In 2013, NHK’s annual, year-long historical fiction television series (known as ‘Taiga dorama’) will be Yae no Sakura, which is set in Aizu. The heroine of the series is the ‘handsome woman’ Yae Niijima, whose strength and beauty saw her through the turbulent final days of the Tokugawa shogunate to open the way into a new age in the Meiji period.

The “Handsome Woman Yae Niijima and the Aizu Expo” exhibition has been underway since 2012 as a pre-event, and the first episode of the series will air on 6 January 2013. On 12 January, we will open the Taiga Dorama Hall, featuring costumes, sets and other items used in the program, with the aim of spreading the ‘Taiga drama’ effect throughout Aizu and Fukushima Prefecture as a whole.

Press briefing (photo courtesy of NHK)

Press briefing (photo courtesy of NHK)

We continue to receive messages of encouragement and support from many towns that have connections with Aizuwakamatsu City.
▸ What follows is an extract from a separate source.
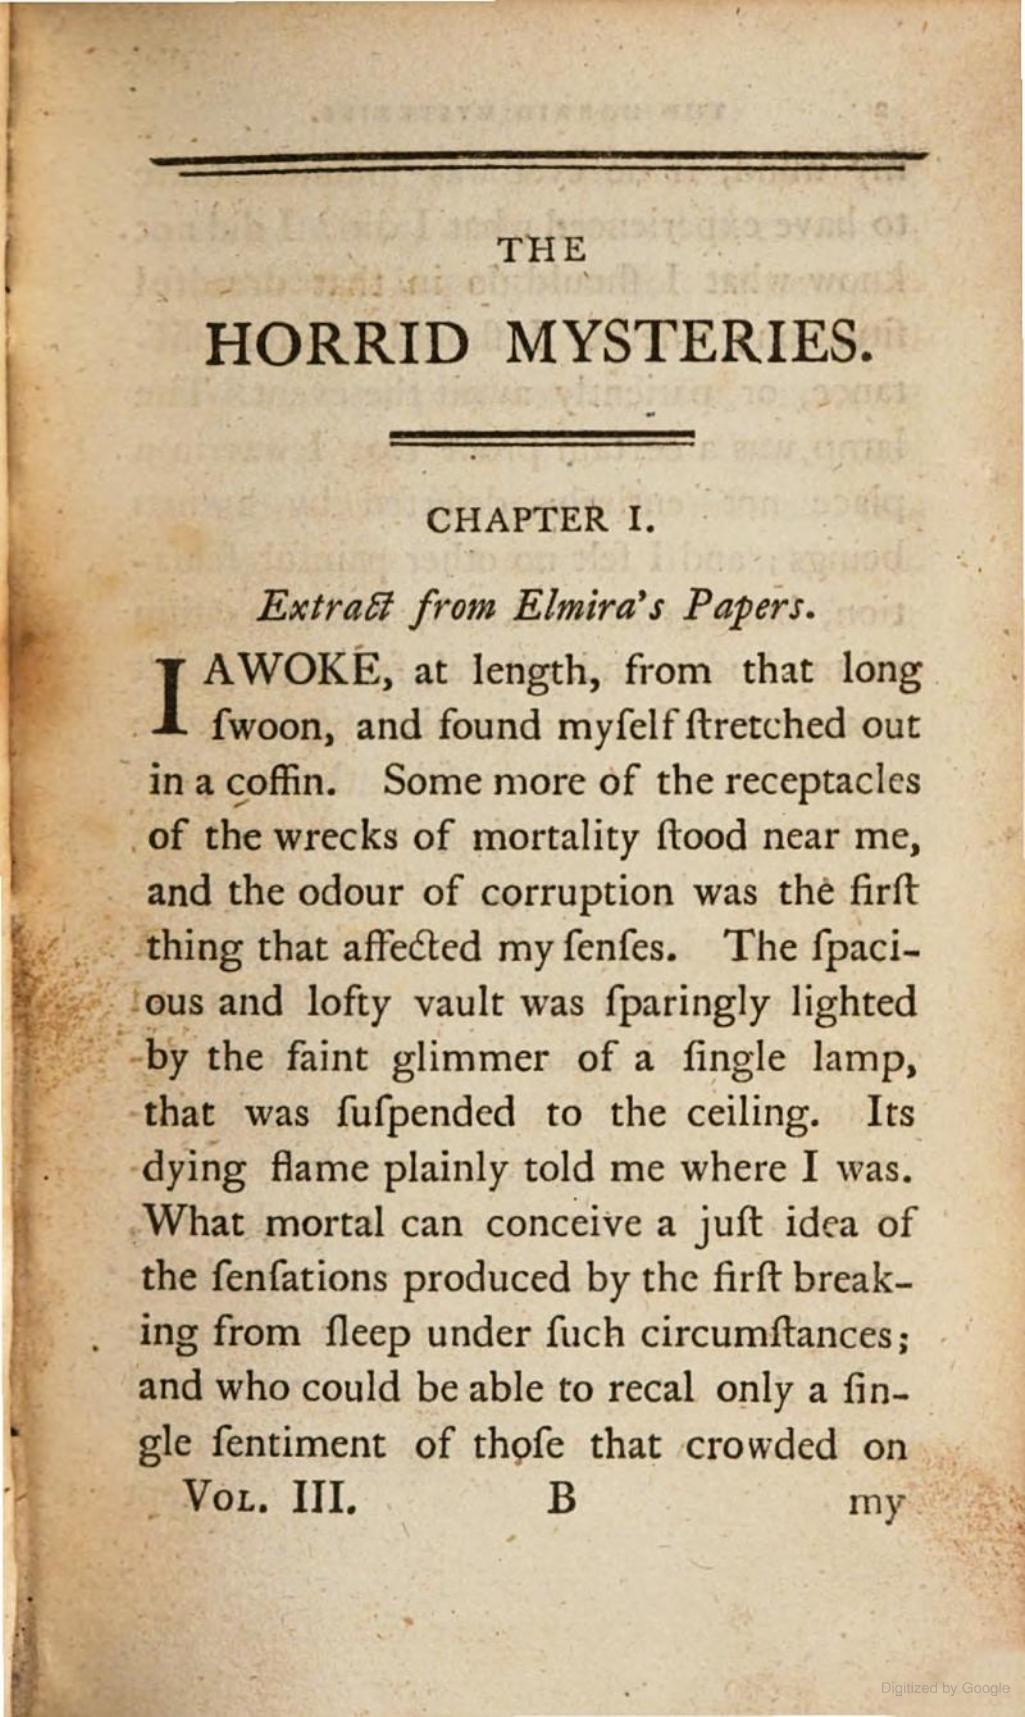 Horrid mysteries, 1796. Chapter 1, Page 1.

These towns, with which we have deep personnel and historical ties, continue to convey special messages to Aizu through the ‘Aizu samurai spirit’.

Not least to repay all those kind thoughts, Aizuwakamatsu City will continue to exert its utmost efforts to wipe away rumor damage. We warmly invite you to visit Aizu next year to enjoy the deepening ‘Taiga drama’ atmosphere and the full blooming of Yae no Sakura.